Title: Re: Furrybootoon?
Post by: ElyDave on 20 February, 2024, 10:41:49 pm
I presume you have to survive on whale blubber most of the time?
And illuminate the dark six months of the year with whale-oil lamps, whilst wrapped up in freshly-clubbed seal-skins?
Thats only at the posh hotels
Title: Re: Furrybootoon?
Post by: Kim on 20 February, 2024, 11:50:55 pm
The less posh ones set fire to a whole penguin[1].


[1] Hunkin, T. and Garrod, R. (1988)
Title: Re: Furrybootoon?
Post by: Cudzoziemiec on 21 February, 2024, 11:28:28 am
Yeah, to be clear, I meant 'Furrybootoon' not 'far aboot' which is defo a Doric phrase.
So if Doric is Northeast Scots, and Aberdeen is definitely NE Scotland, does that mean Aberdonian is a dialect within a dialect?
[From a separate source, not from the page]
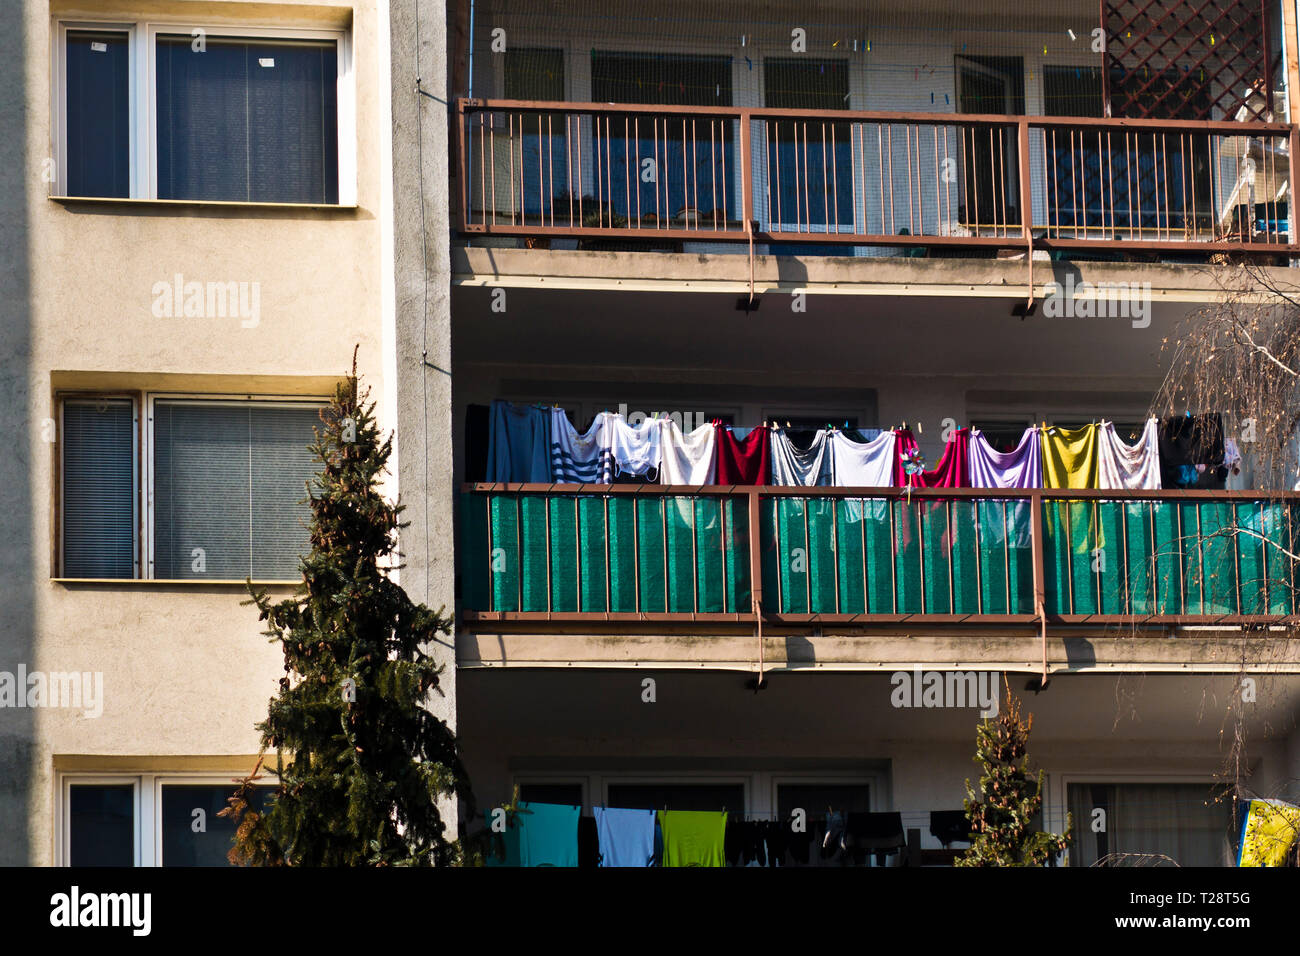 Die Wäsche auf dem Balkon trocknen Stockfotografie - Alamy

The origin of the term Doric given in Wikipedia is interesting:
Quote
The term "Doric" was formerly used to refer to all dialects of Lowland Scots, but during the twentieth century it became increasingly associated with Mid Northern Scots.[4]

The name possibly originated as a jocular reference to the Doric dialect of the Ancient Greek language. Greek Dorians lived in Laconia, including Sparta, and other more rural areas, and were alleged by the ancient Greeks to have spoken laconically and in a language thought harsher in tone and more phonetically conservative than the Attic spoken in Athens. Doric Greek was used for some of the verses spoken by the chorus in Greek tragedy.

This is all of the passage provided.